| Your task |
Of the lines in the material below, print only those from the one containing "Kullast sõrmus teemantiga" to the one containing "アニメ「takt op.De", ends included, exactly as written and without pictures.

| Records for the task |
━━━━━━━━━━━━━━━━
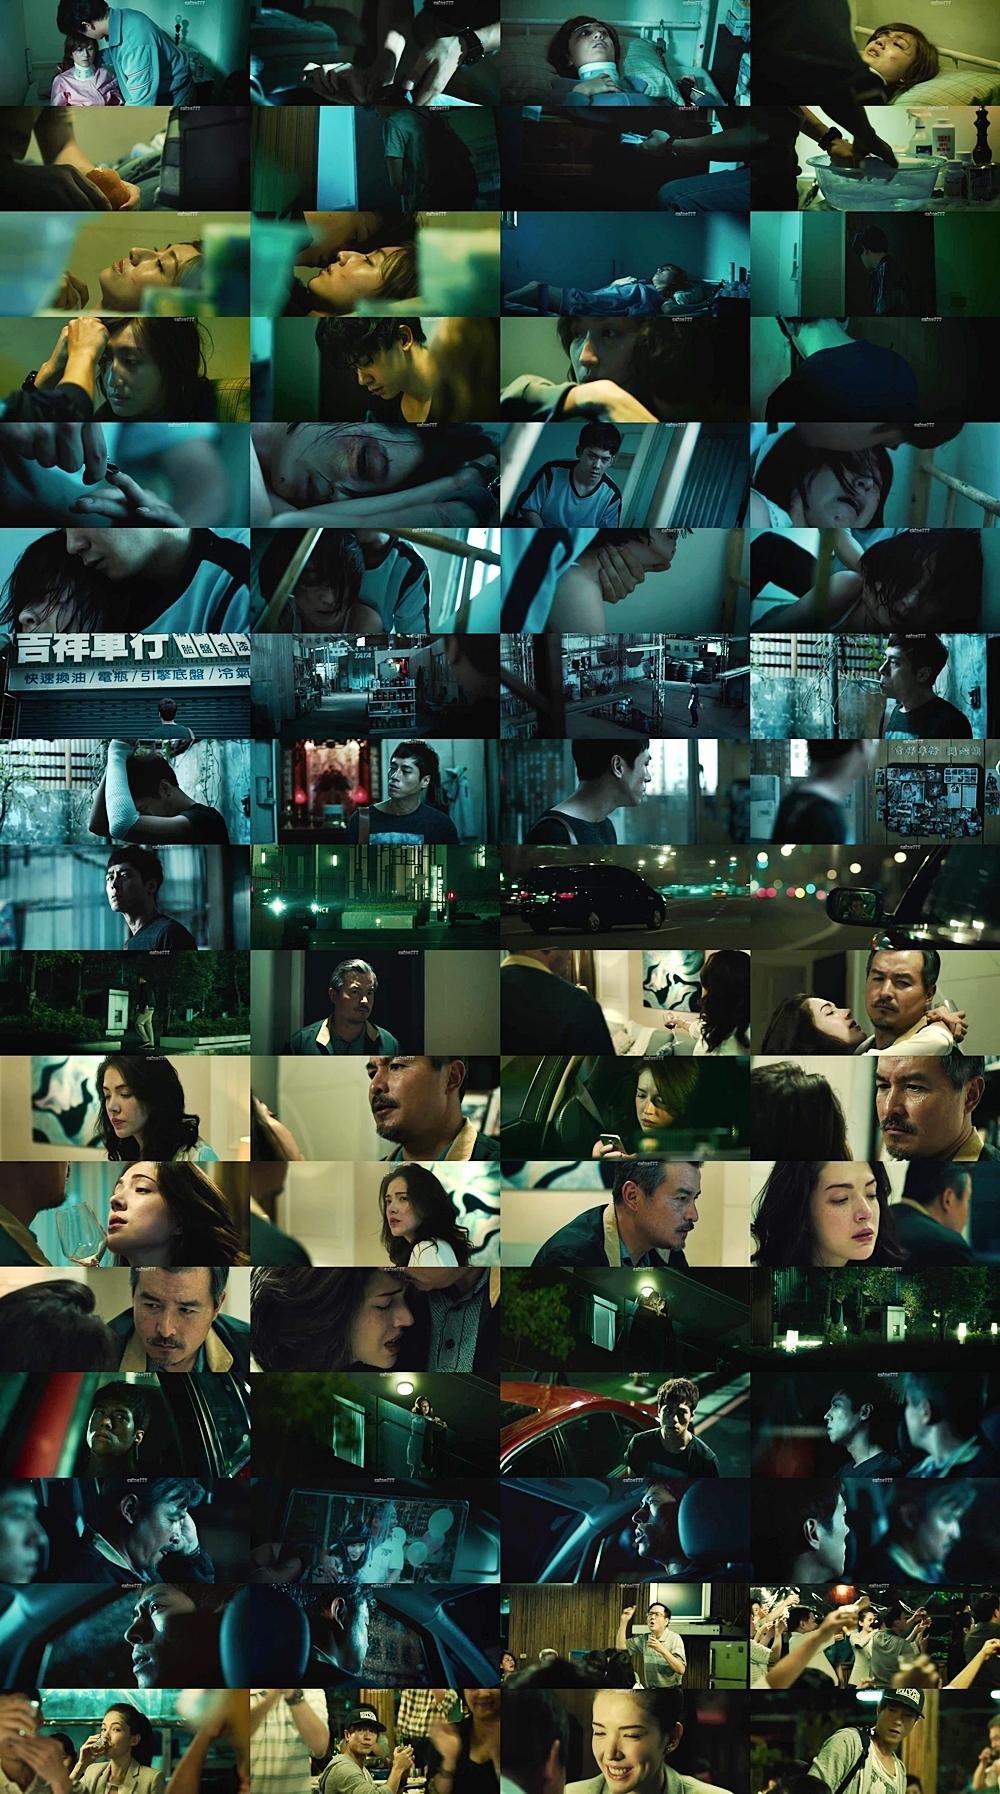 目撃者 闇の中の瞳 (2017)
━━━━━━━━━━━━━━━━
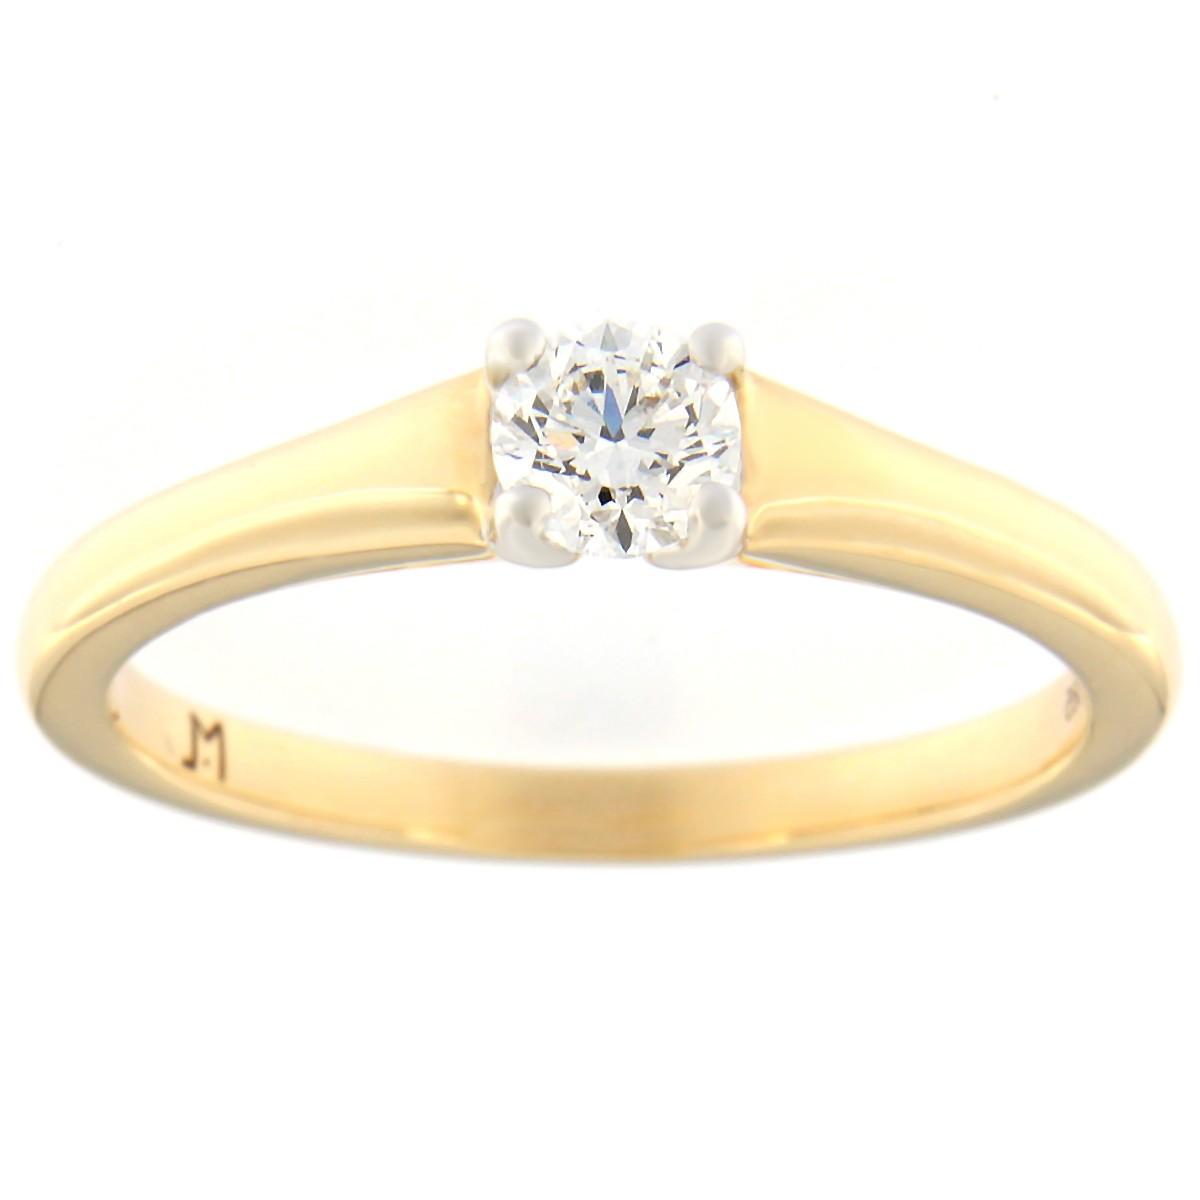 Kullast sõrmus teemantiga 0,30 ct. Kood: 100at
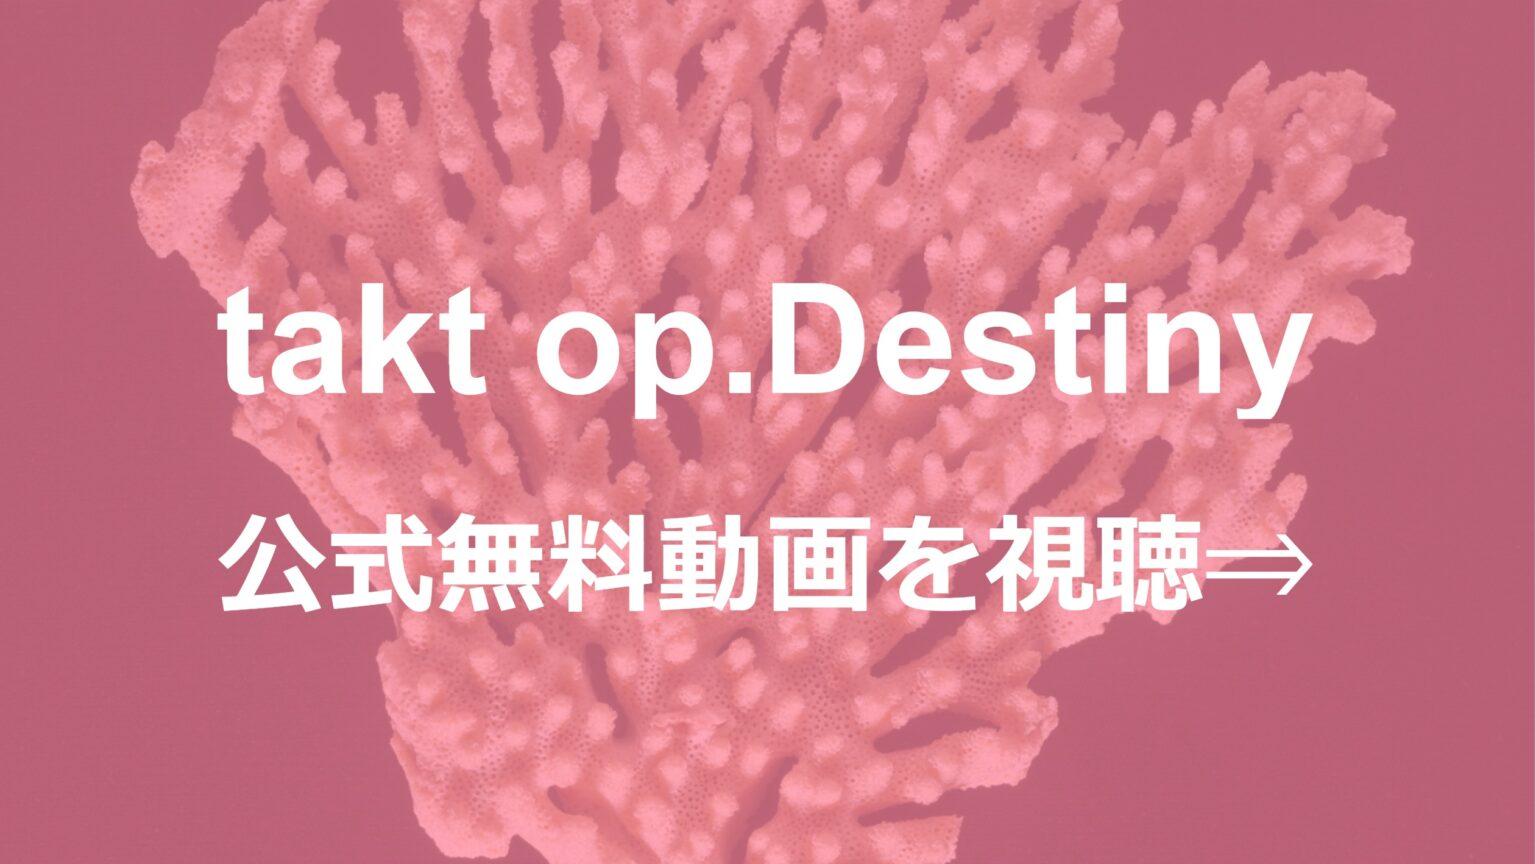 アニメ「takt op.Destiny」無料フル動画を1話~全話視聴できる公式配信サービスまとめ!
━━━━━━━━━━━━━━━━
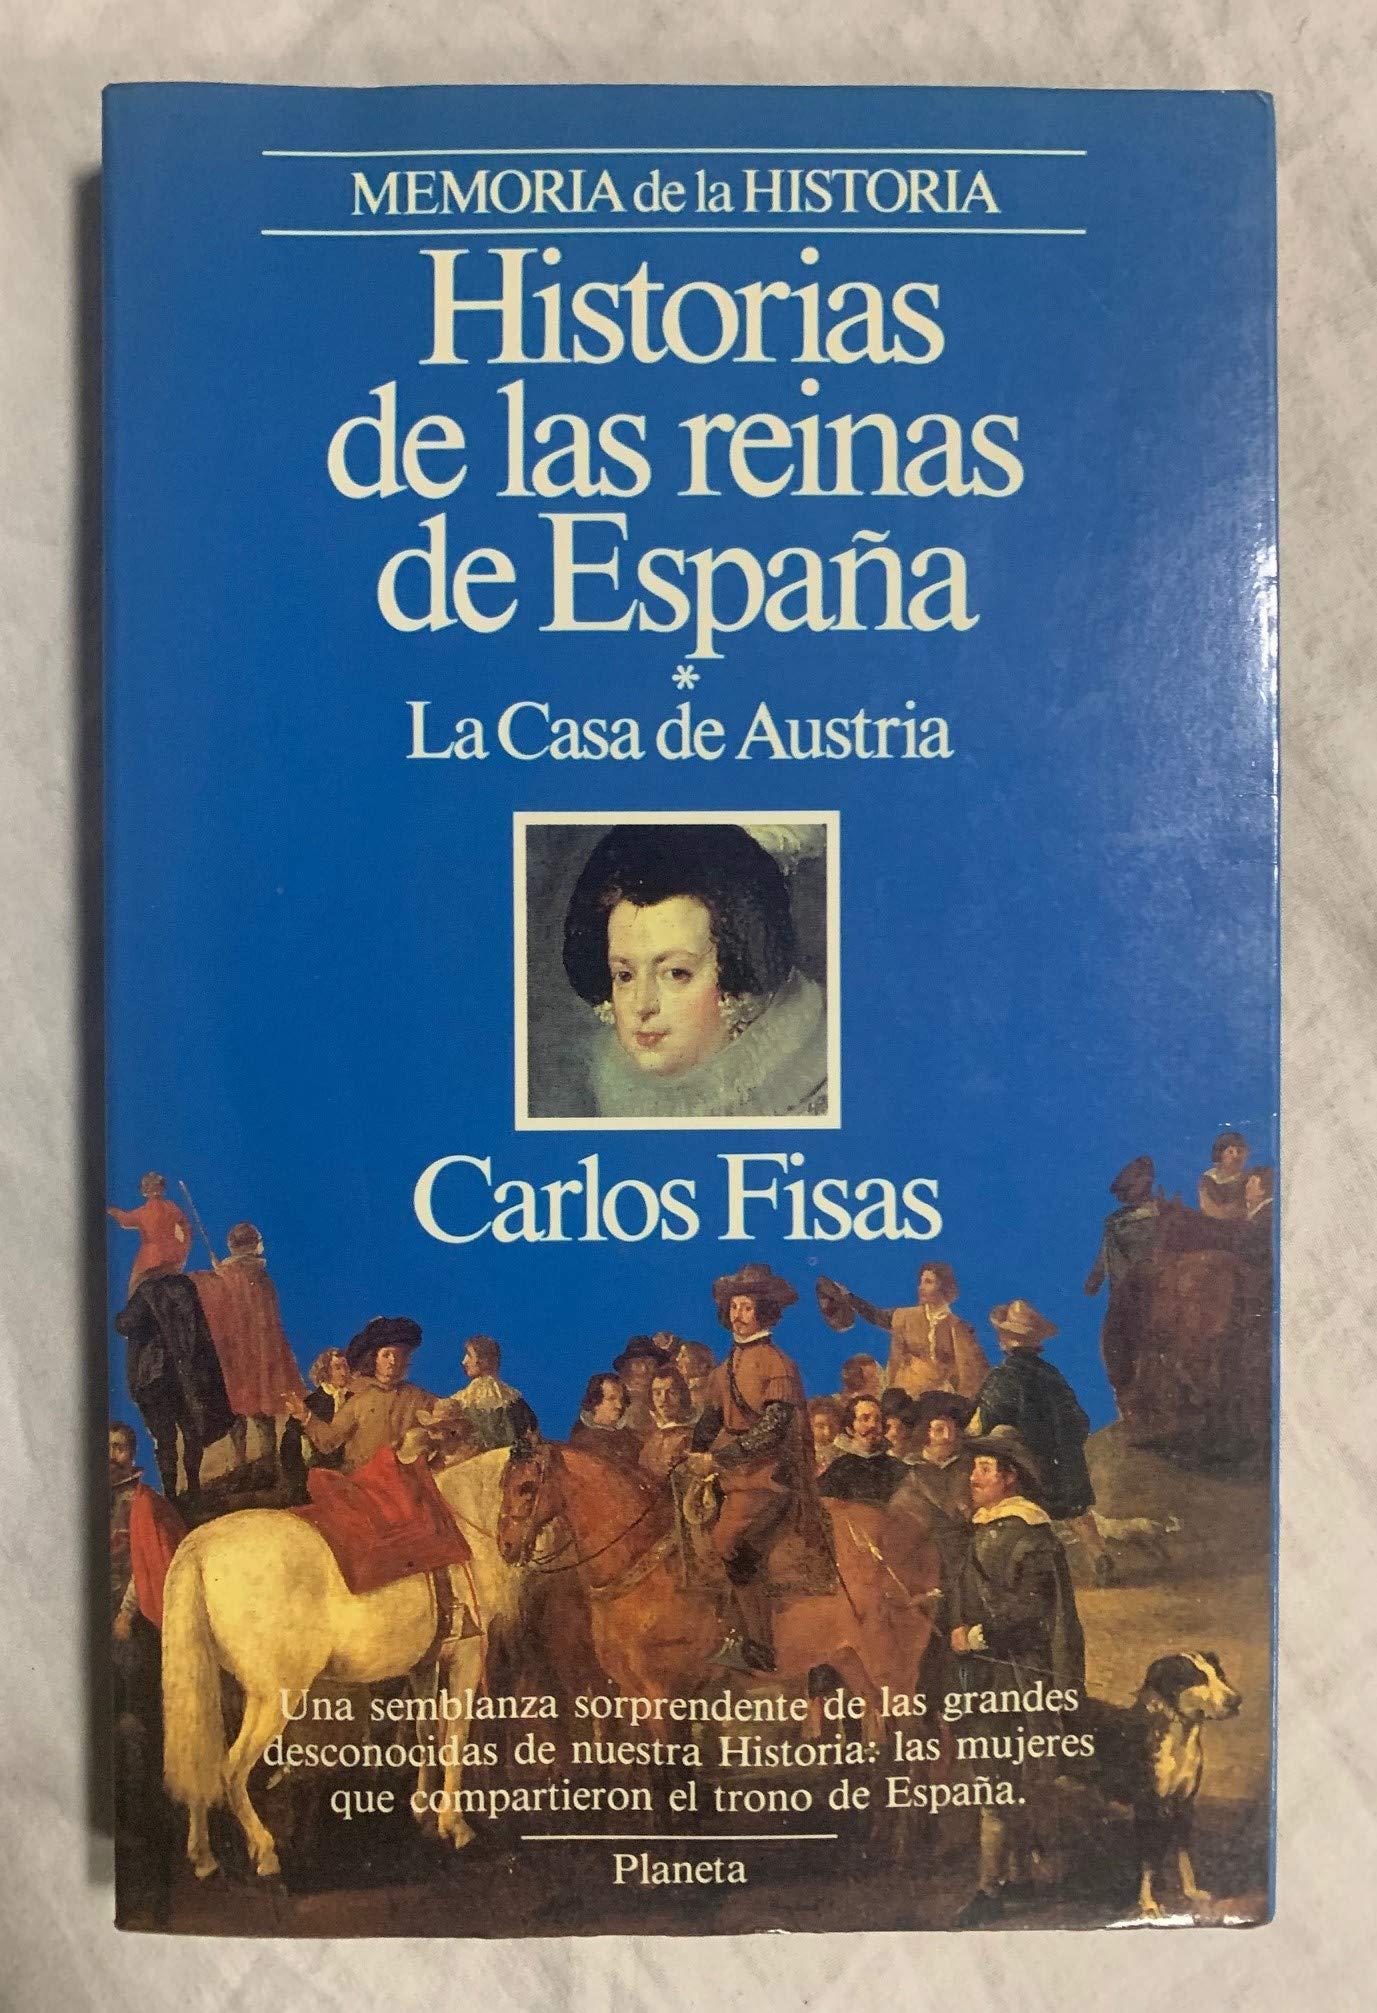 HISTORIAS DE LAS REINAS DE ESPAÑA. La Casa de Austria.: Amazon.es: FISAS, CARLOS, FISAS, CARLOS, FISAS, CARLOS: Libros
━━━━━━━━━━━━━━━━
| Response for this exercise |
 Kullast sõrmus teemantiga 0,30 ct. Kood: 100at
 アニメ「takt op.Destiny」無料フル動画を1話~全話視聴できる公式配信サービスまとめ!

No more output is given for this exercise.